**Given data:**

BEGIN

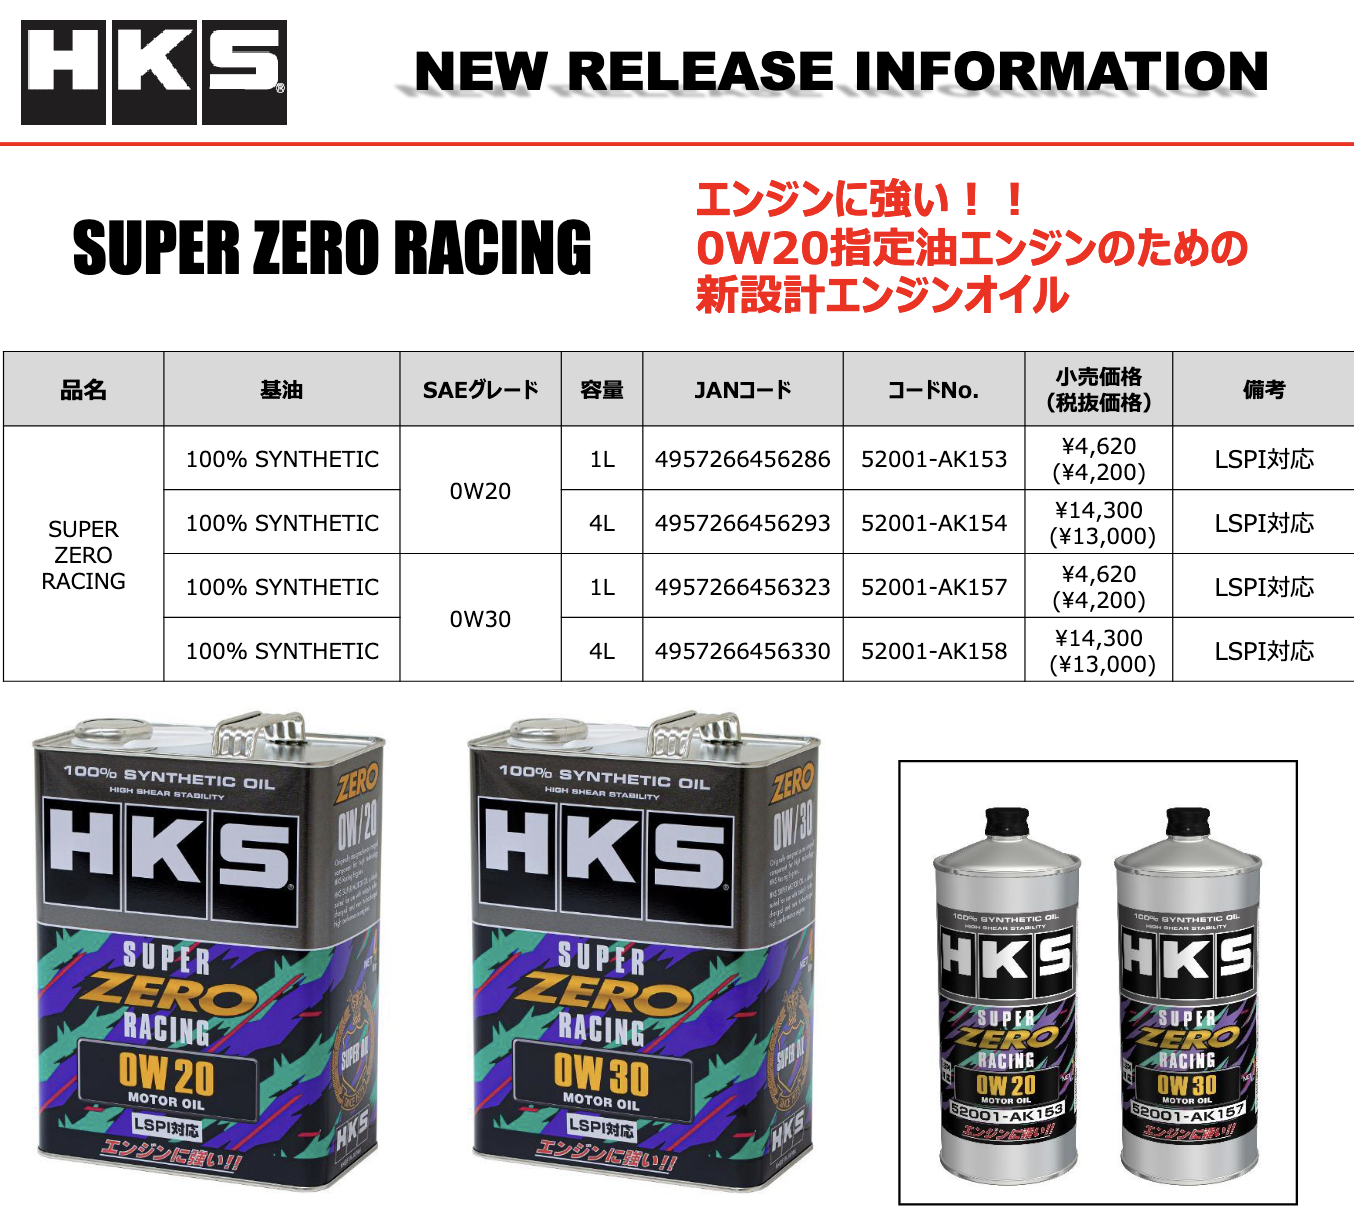 New Release Information - HKS Super Zero Racing Engine Oil 
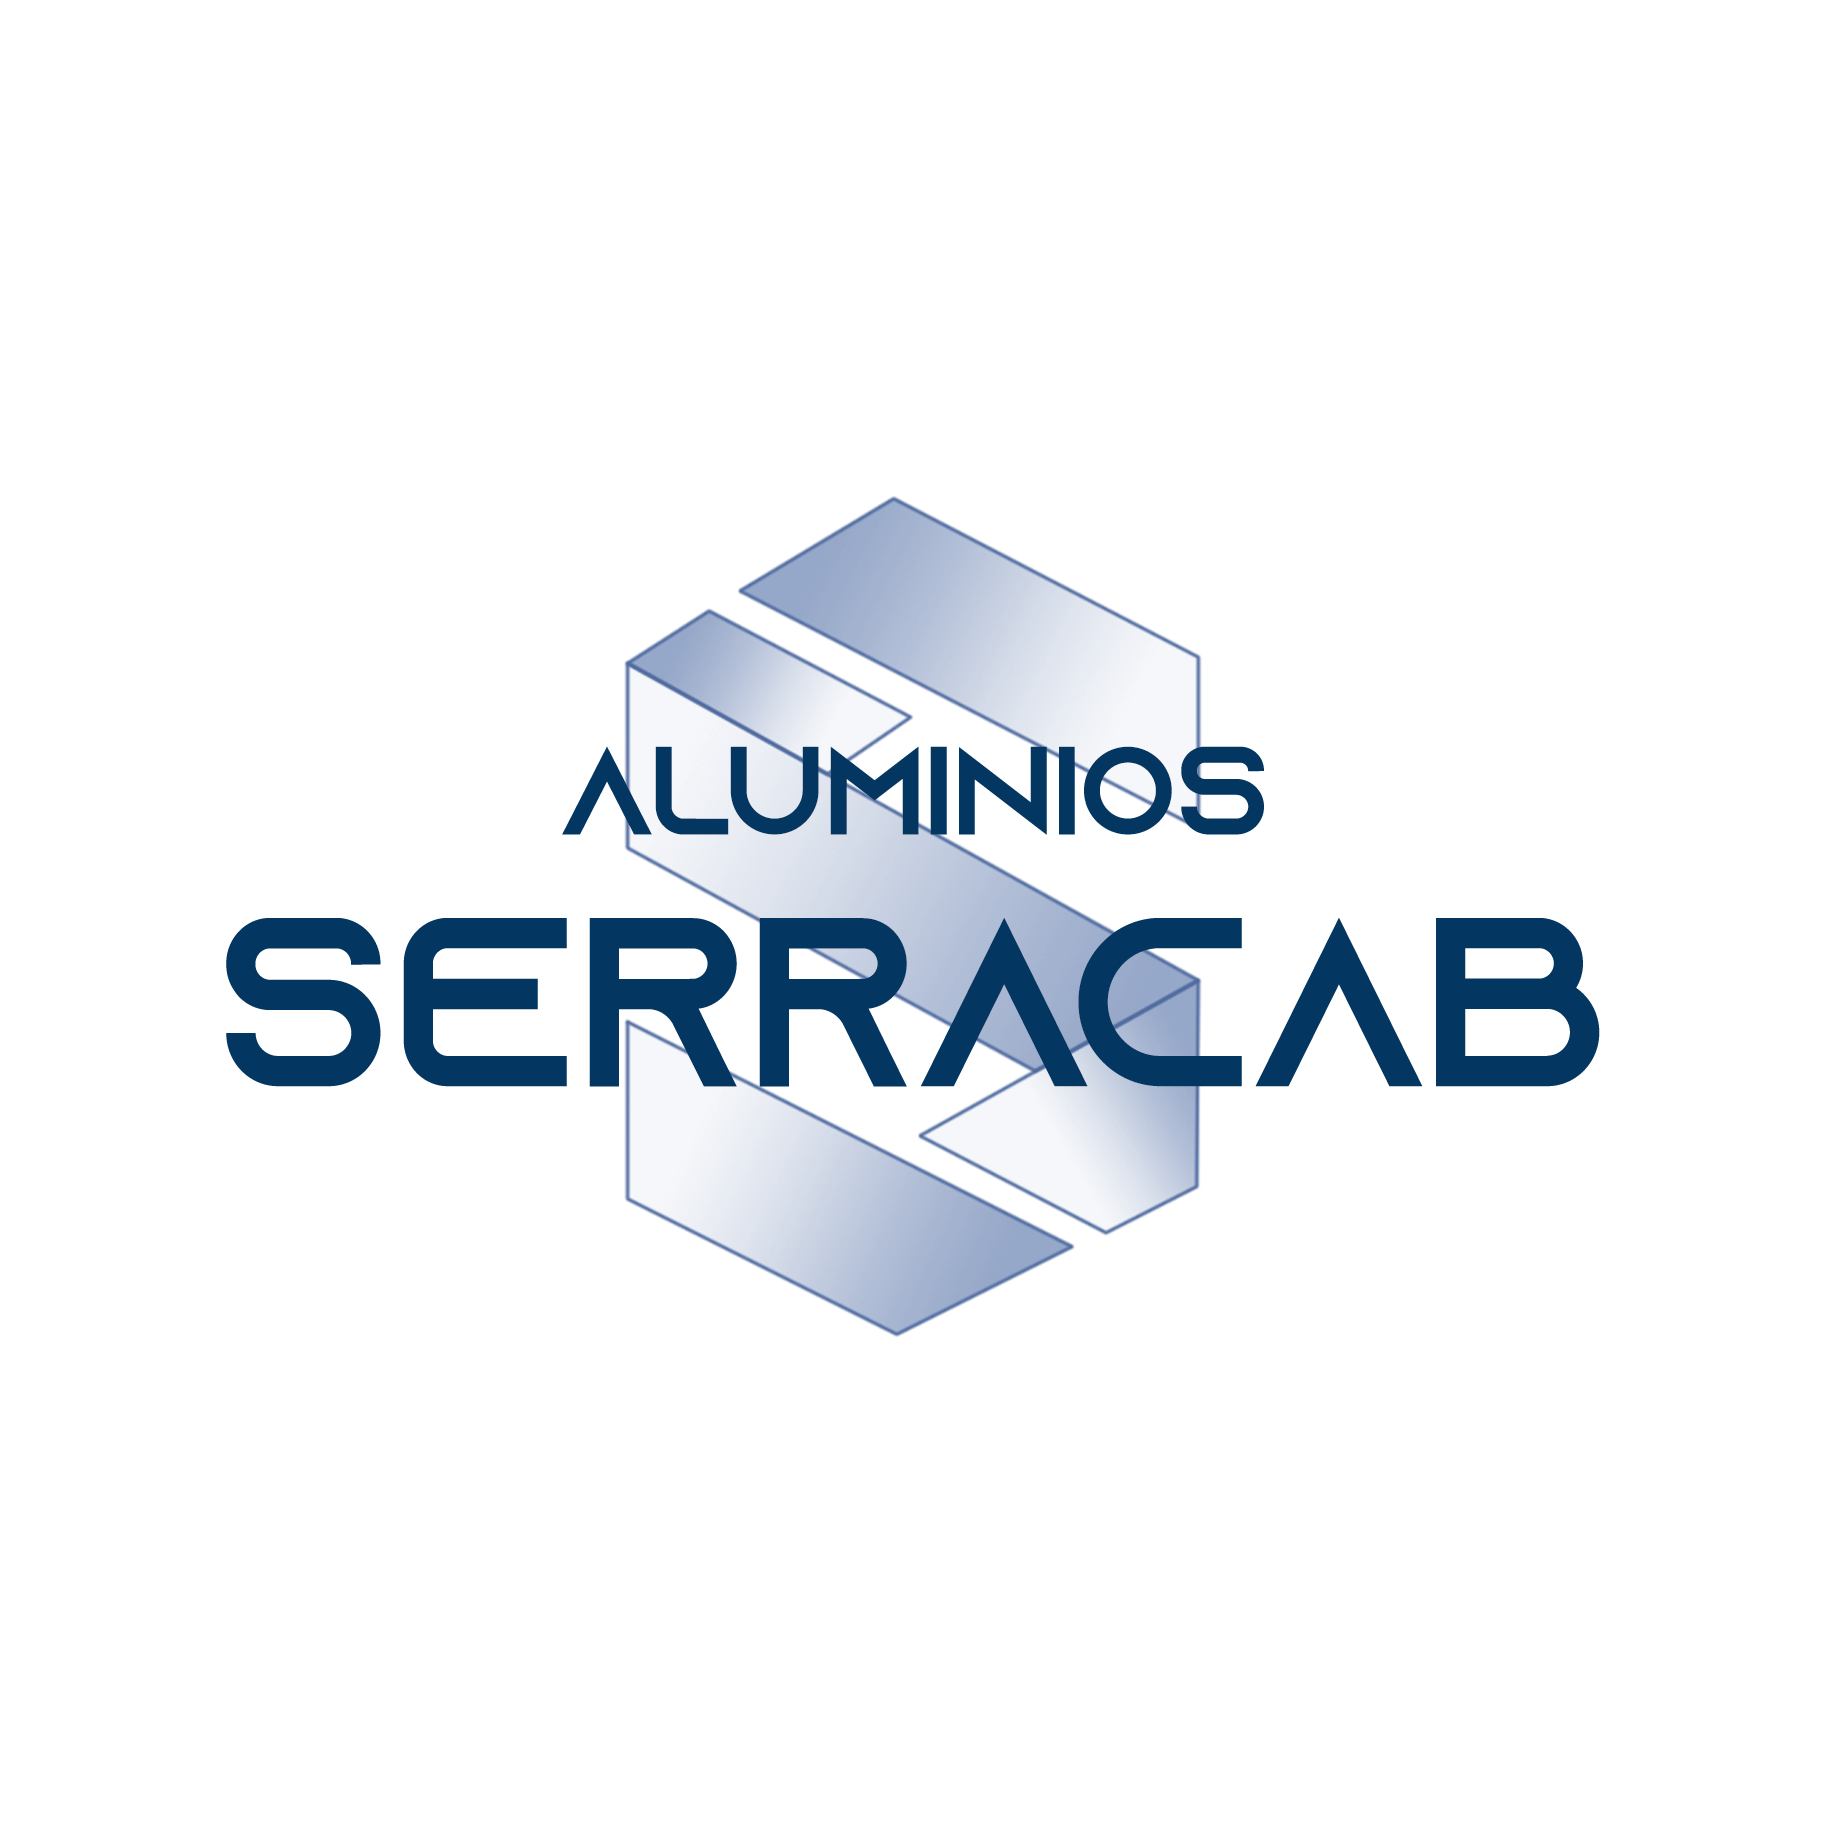 Aluminios Serracab Logo
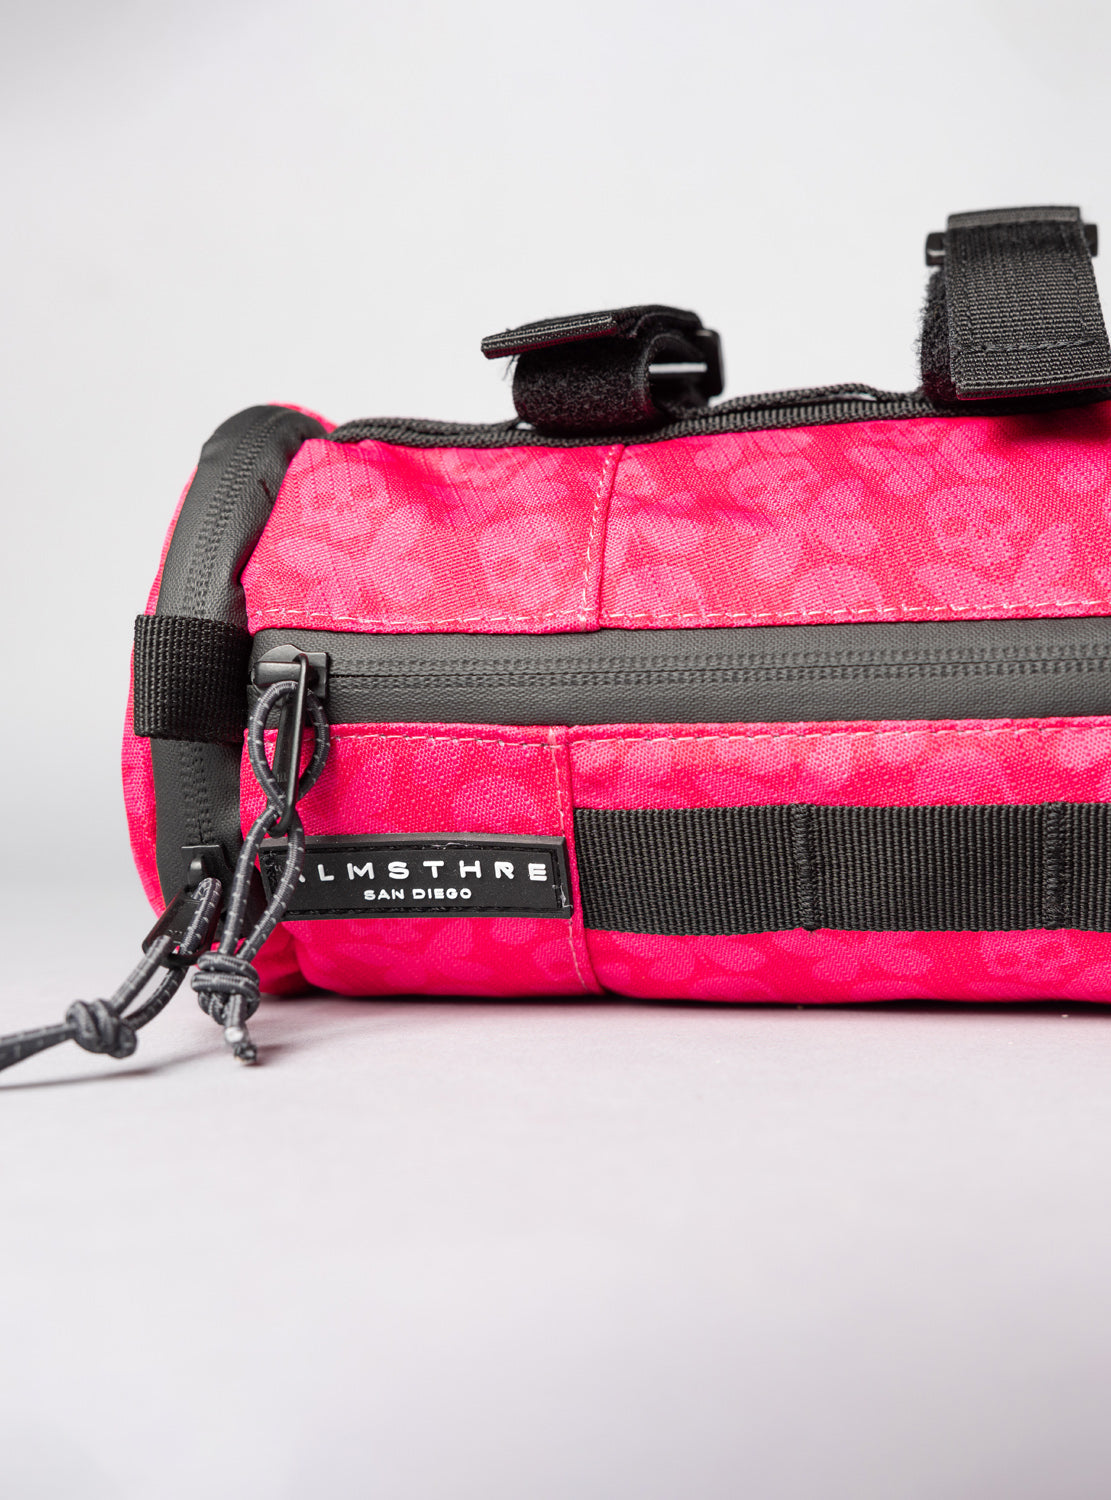 betty designs pink bar bag cycling

END

**Exercise directions:** Without including any images, output the data exactly as given.

**Solution for this task:**
 New Release Information - HKS Super Zero Racing Engine Oil 
 Aluminios Serracab Logo
 betty designs pink bar bag cycling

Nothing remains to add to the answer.